▸ Data listing:
»»
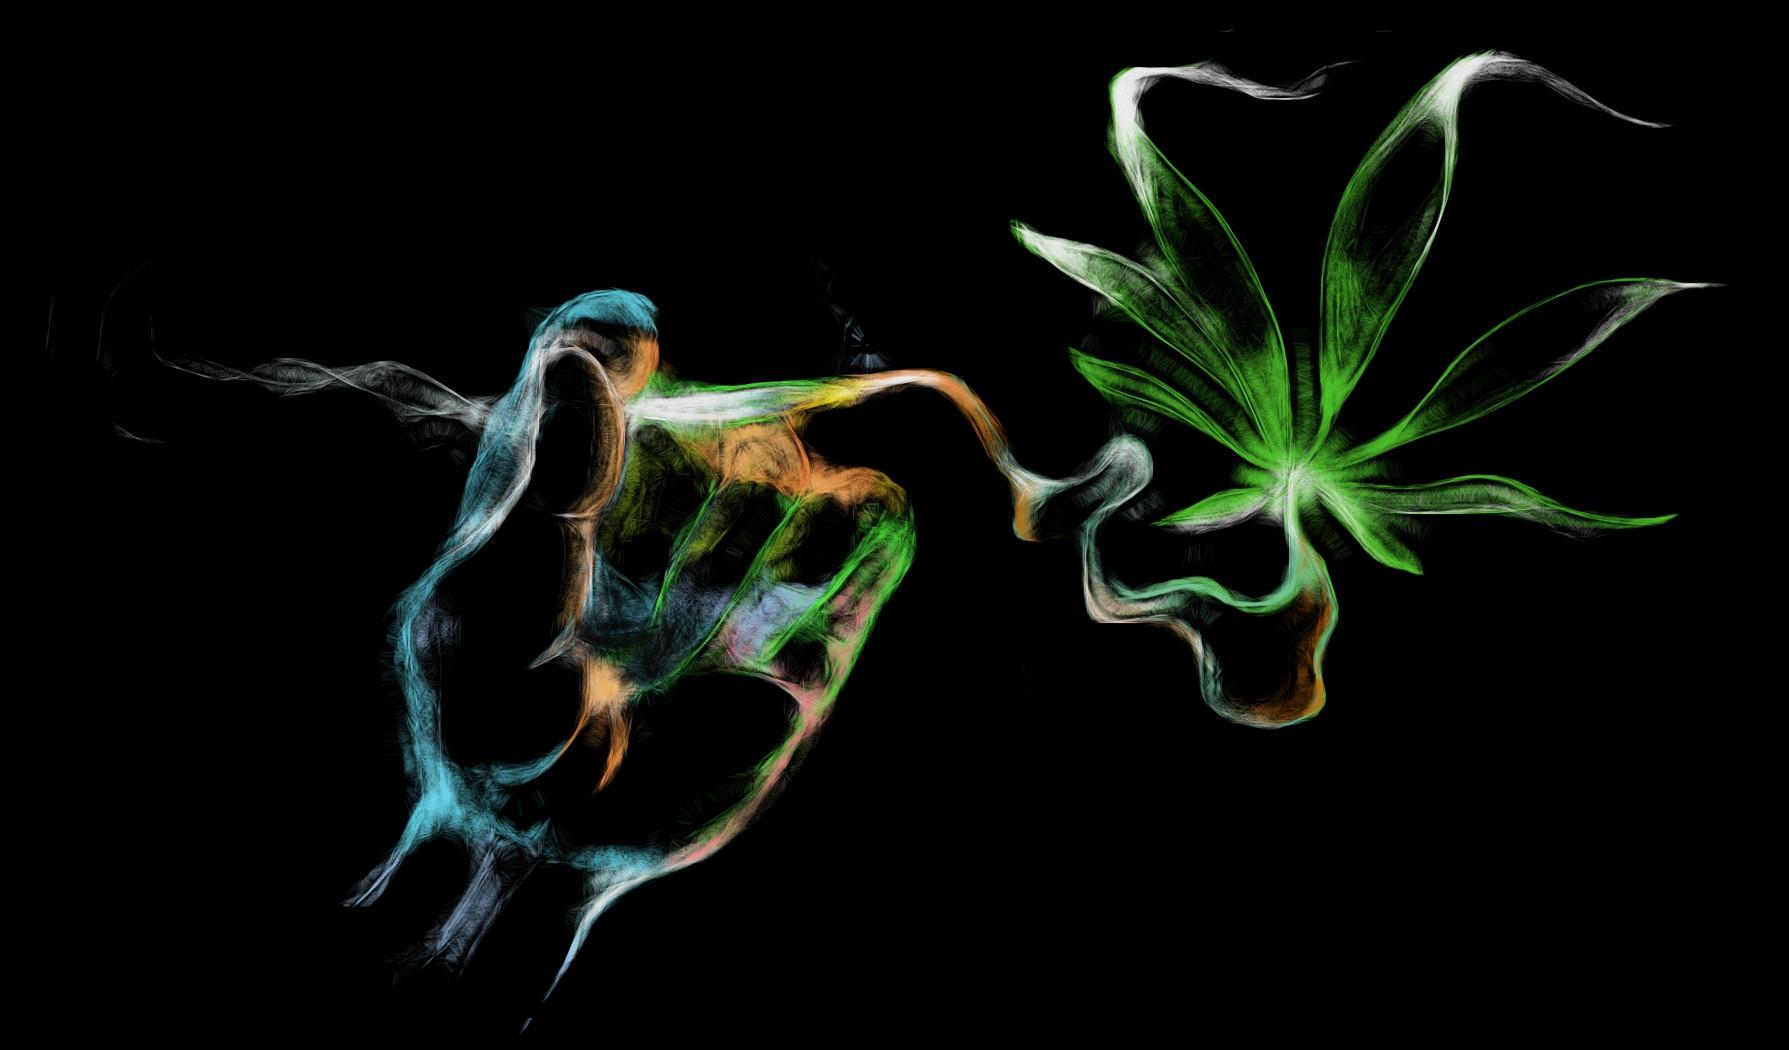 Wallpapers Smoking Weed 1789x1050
««
»»
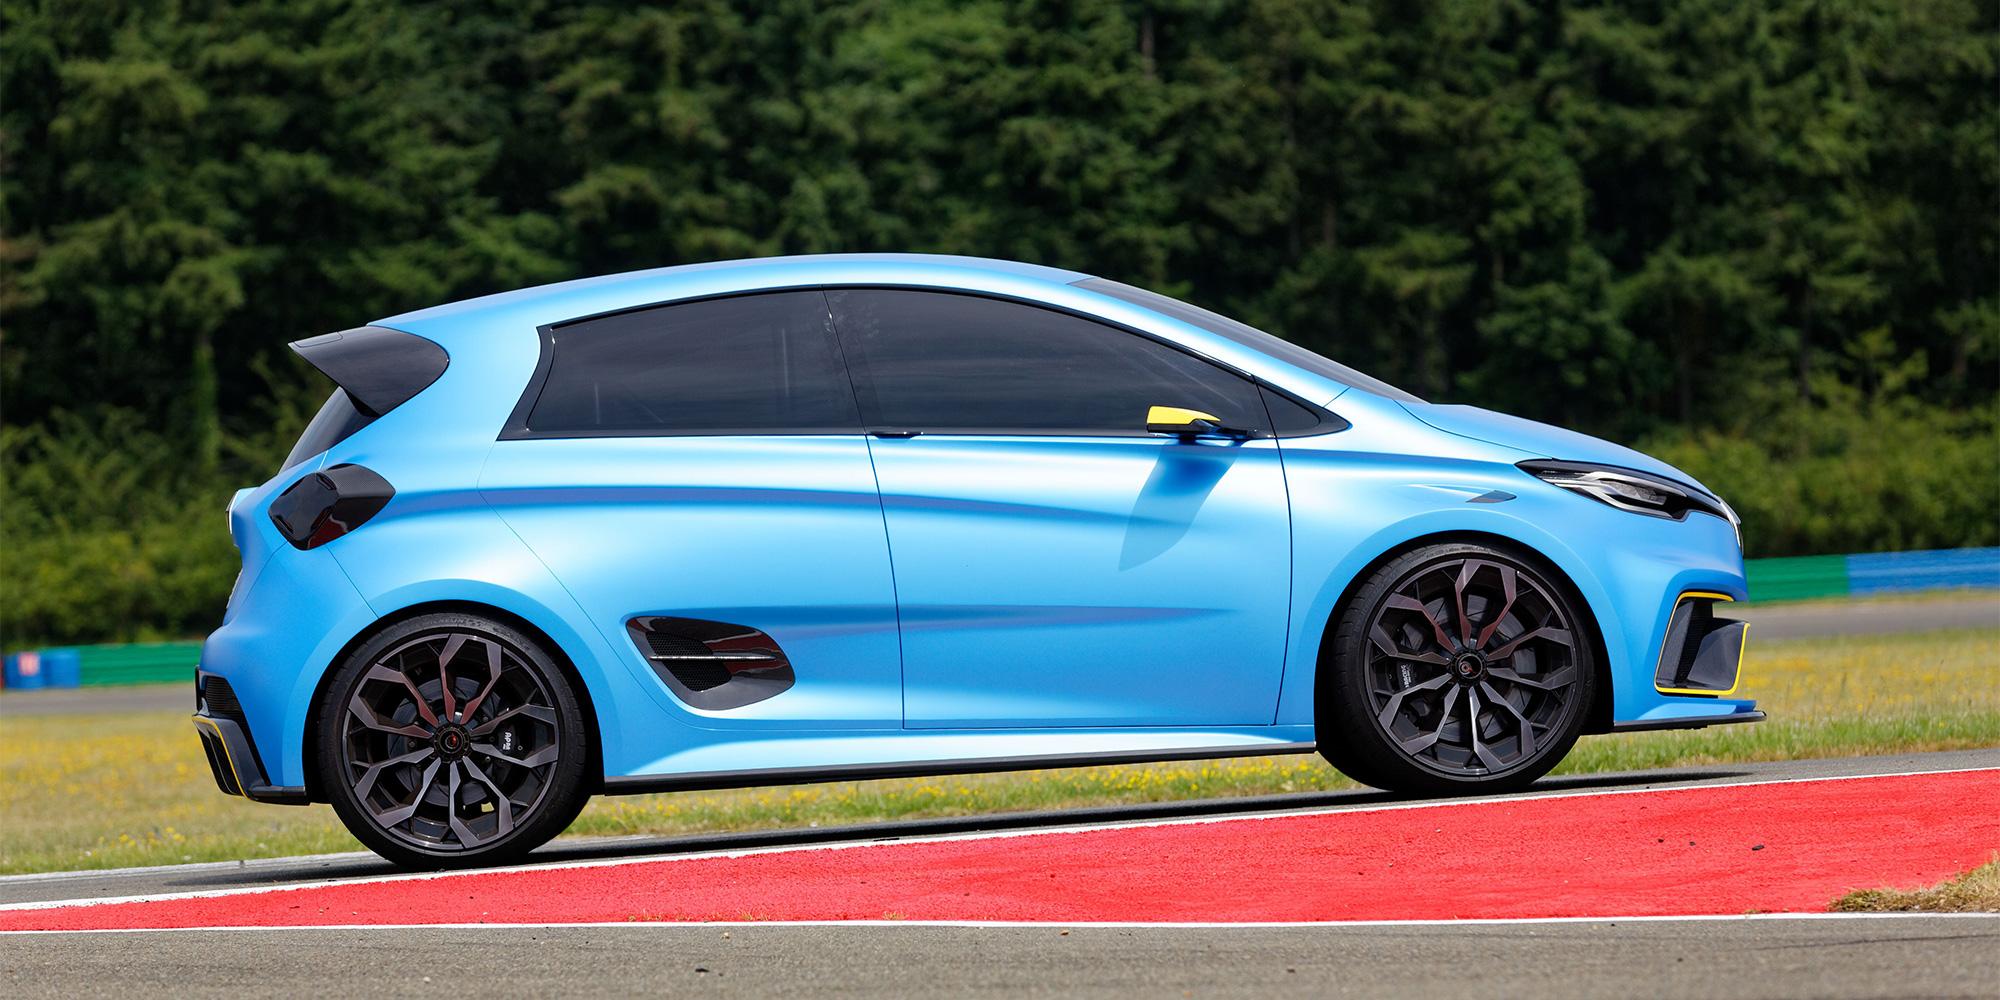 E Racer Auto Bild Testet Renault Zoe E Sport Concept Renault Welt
««
»»
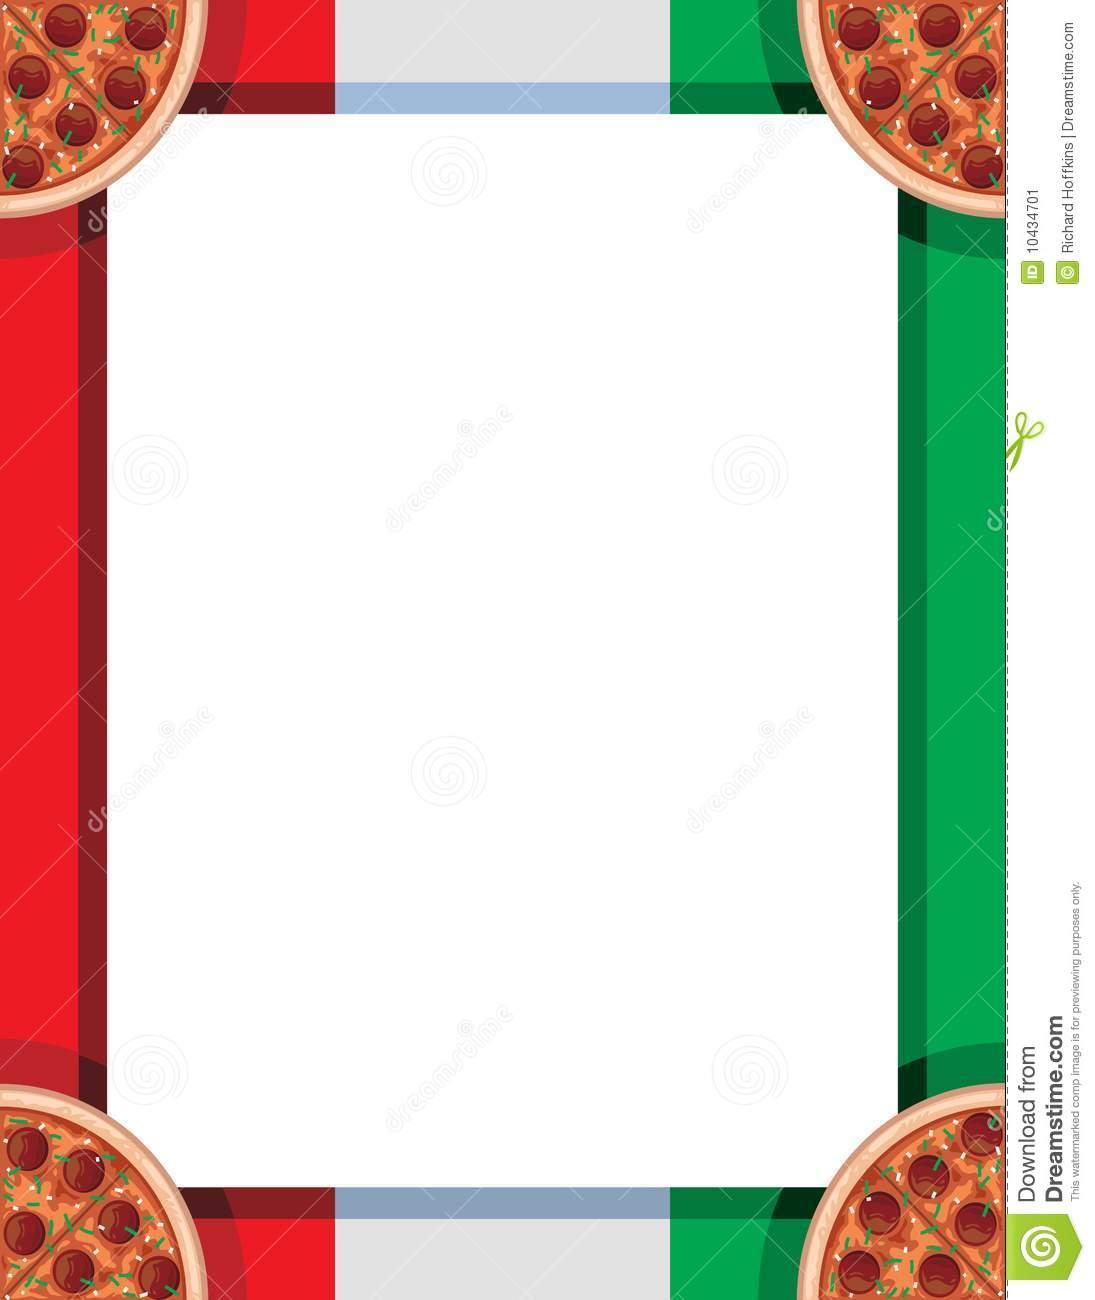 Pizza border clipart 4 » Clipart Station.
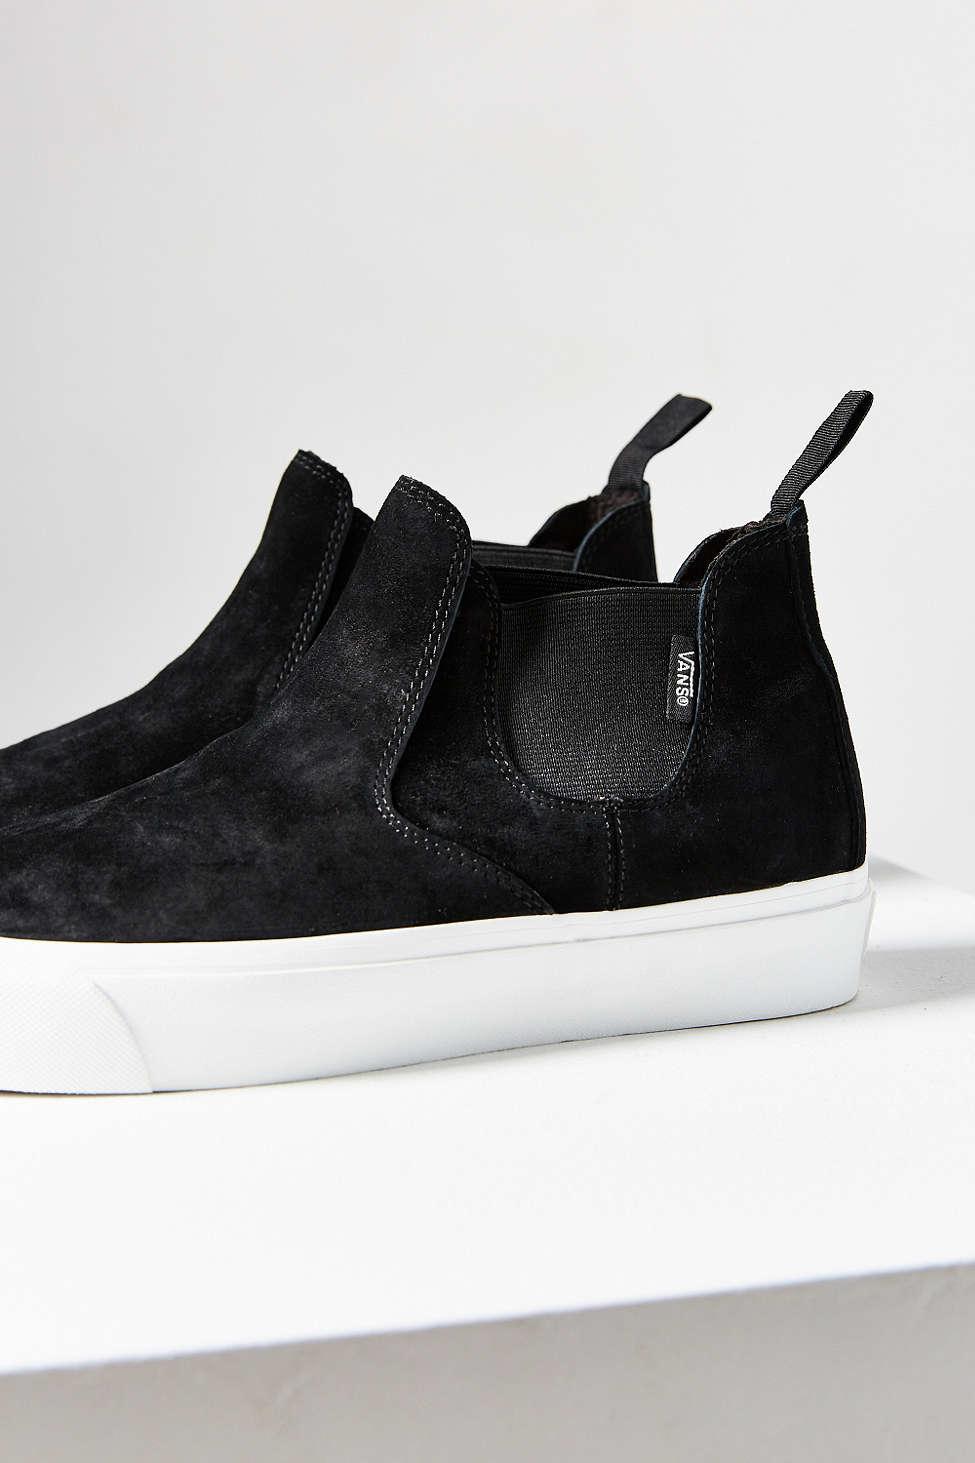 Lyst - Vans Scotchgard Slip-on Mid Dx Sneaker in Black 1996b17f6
««
▸ Problem to solve:
In the material above, which lines fall between the one holding "Pizza border clipart" and the one holding "Lyst - Vans", inclusive? Print exactly those, with the pictures left out.

▸ Answer section:
 Pizza border clipart 4 » Clipart Station.
 Lyst - Vans Scotchgard Slip-on Mid Dx Sneaker in Black 1996b17f6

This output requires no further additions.